A faithful copy of the listing below is needed, with its pictures left out.

» **RECORDED DATA**:
·····

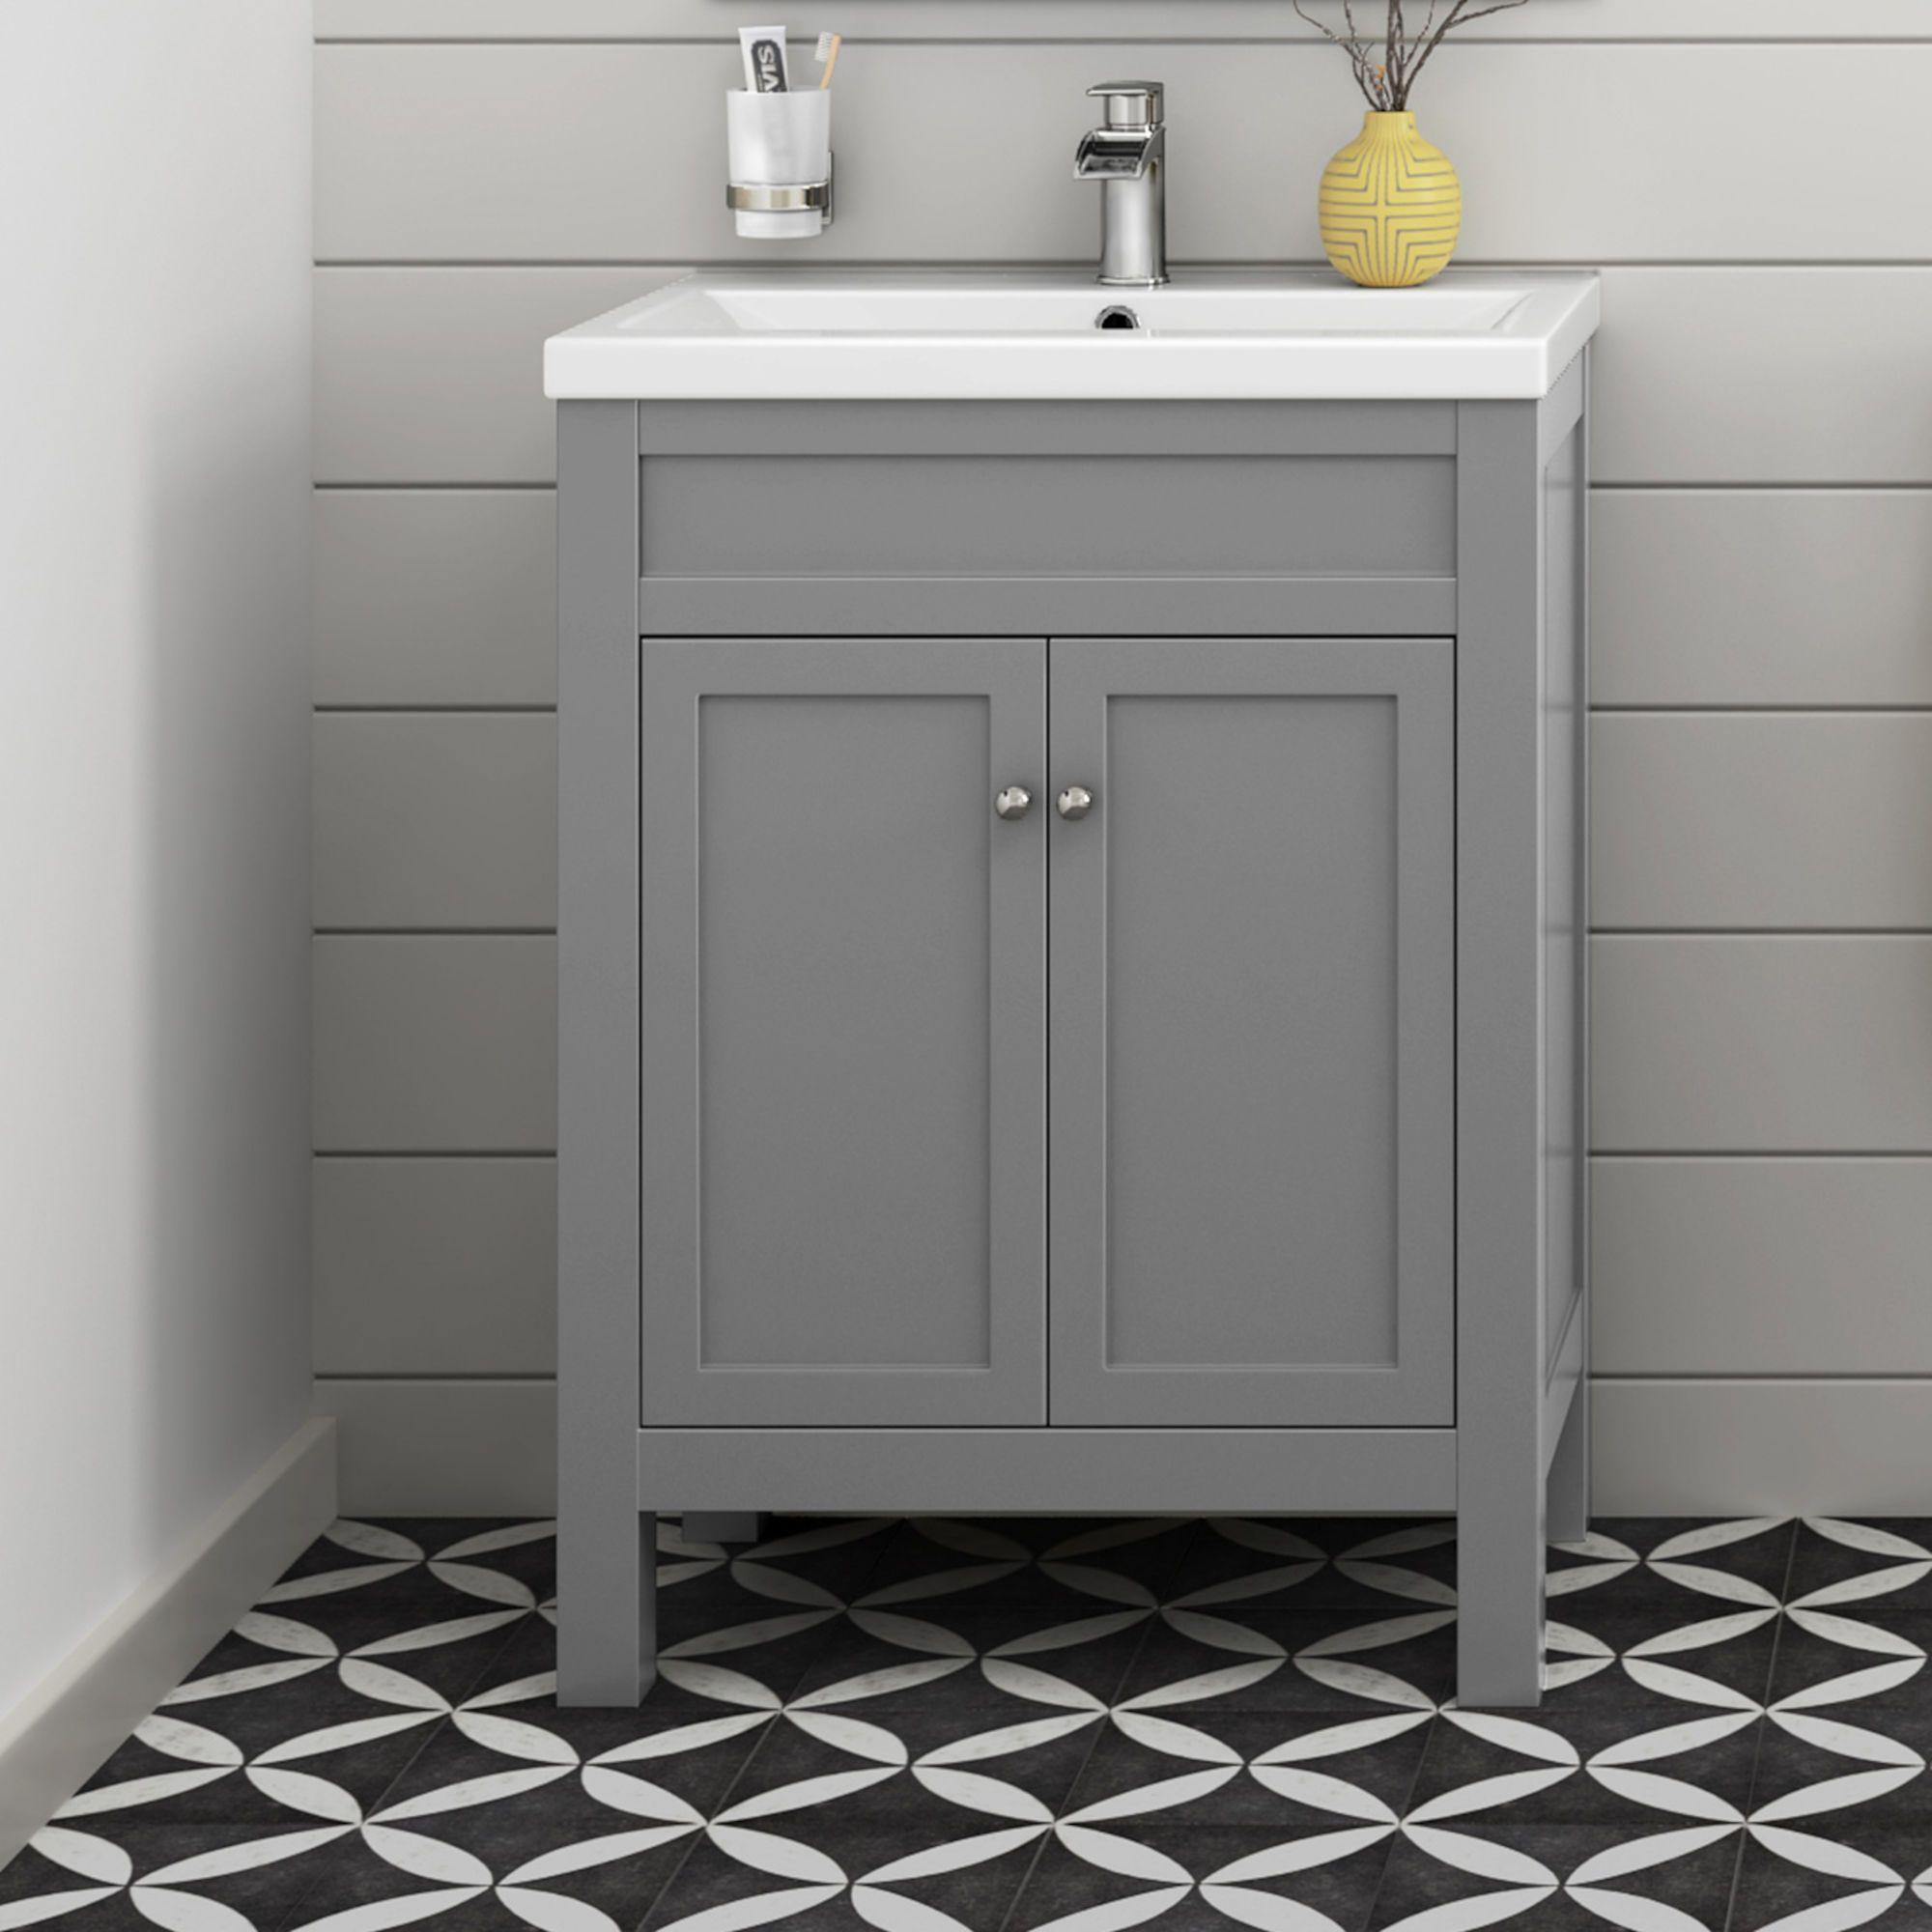 600mm Melbourne Earl Grey Double Door Vanity Unit Floor Standing Bathroom Sink Units Bathroom Vanity Units Grey Vanity Unit
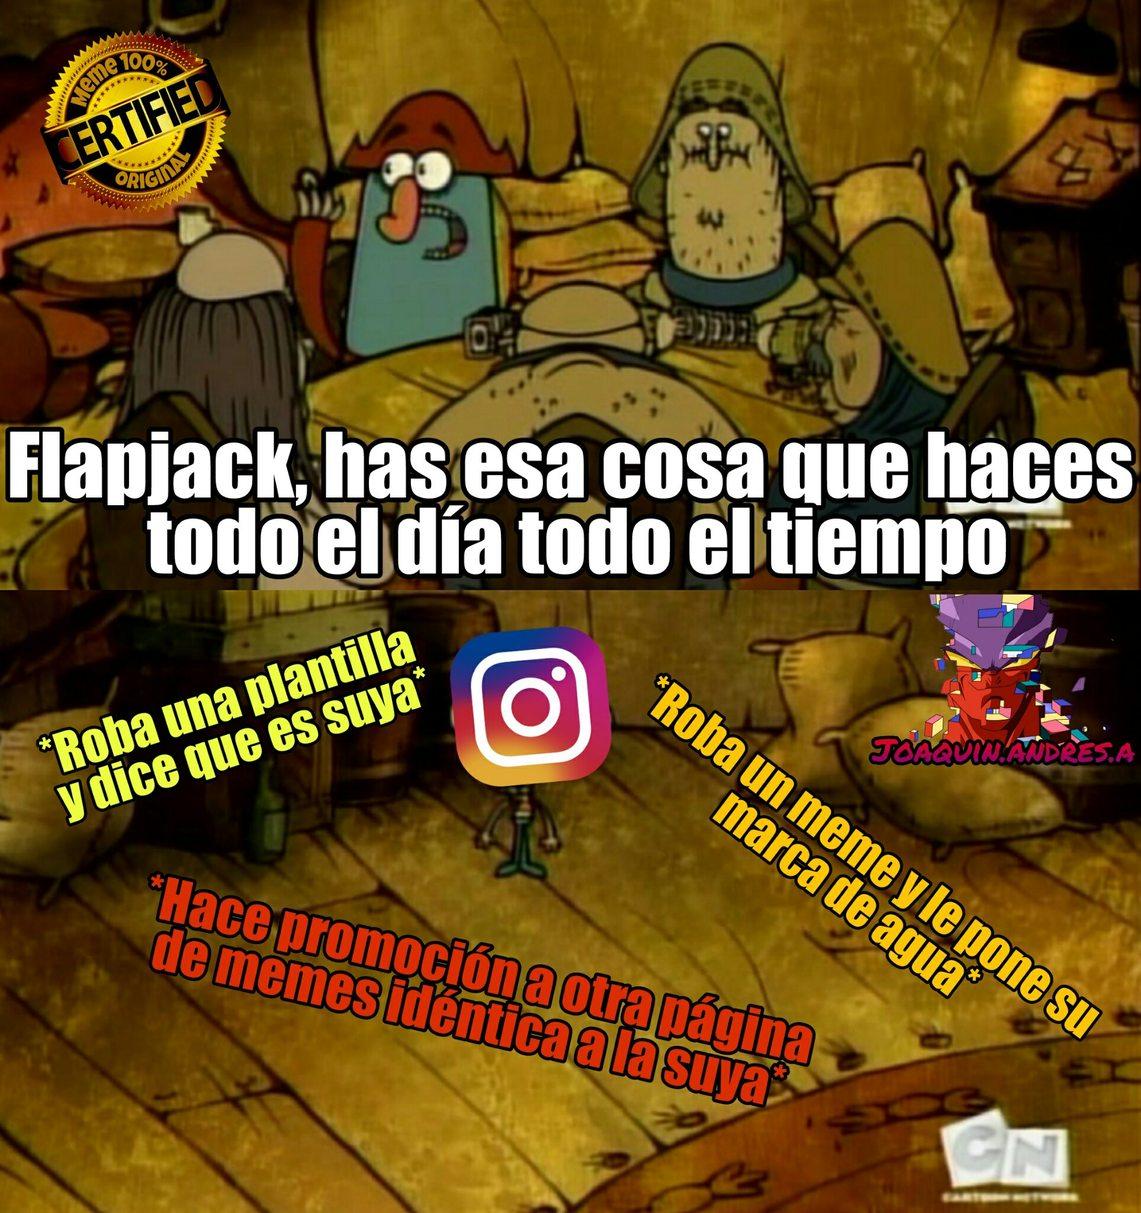 Original y nueva plantilla :D | Pasaré la plantilla si aceptan el meme | Todas las páginas de memes de instagram son así :|
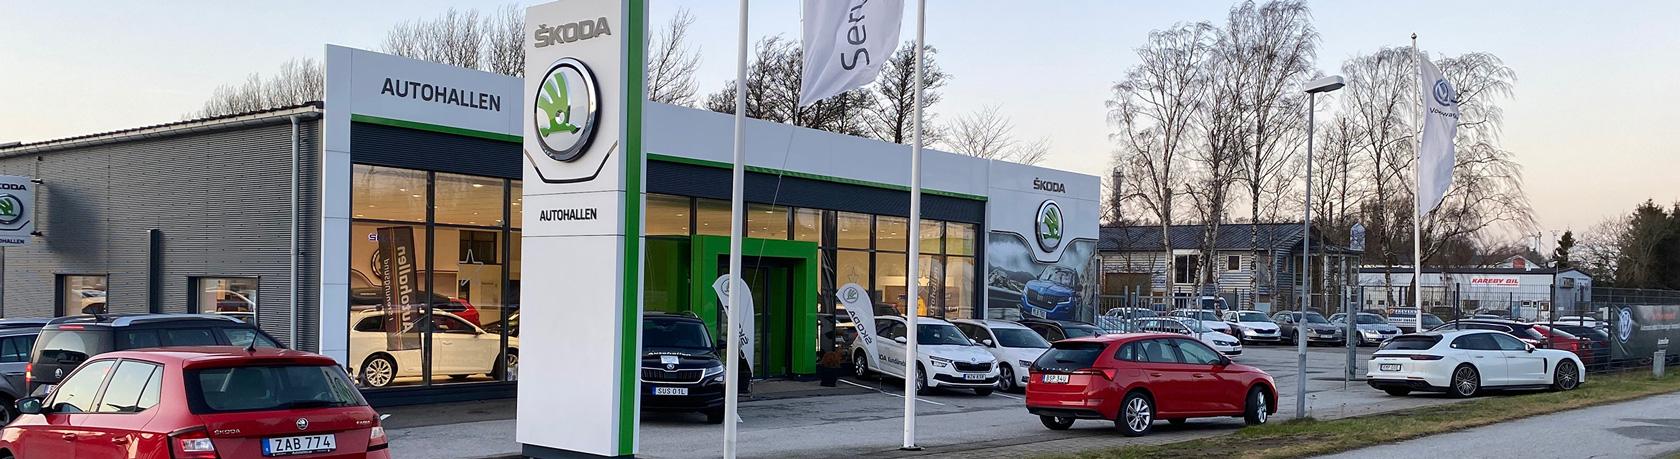 Autohallen i Stenungsund

·····

» **RESULT OF THIS EXERCISE**:
 600mm Melbourne Earl Grey Double Door Vanity Unit Floor Standing Bathroom Sink Units Bathroom Vanity Units Grey Vanity Unit
 Original y nueva plantilla :D | Pasaré la plantilla si aceptan el meme | Todas las páginas de memes de instagram son así :|
 Autohallen i Stenungsund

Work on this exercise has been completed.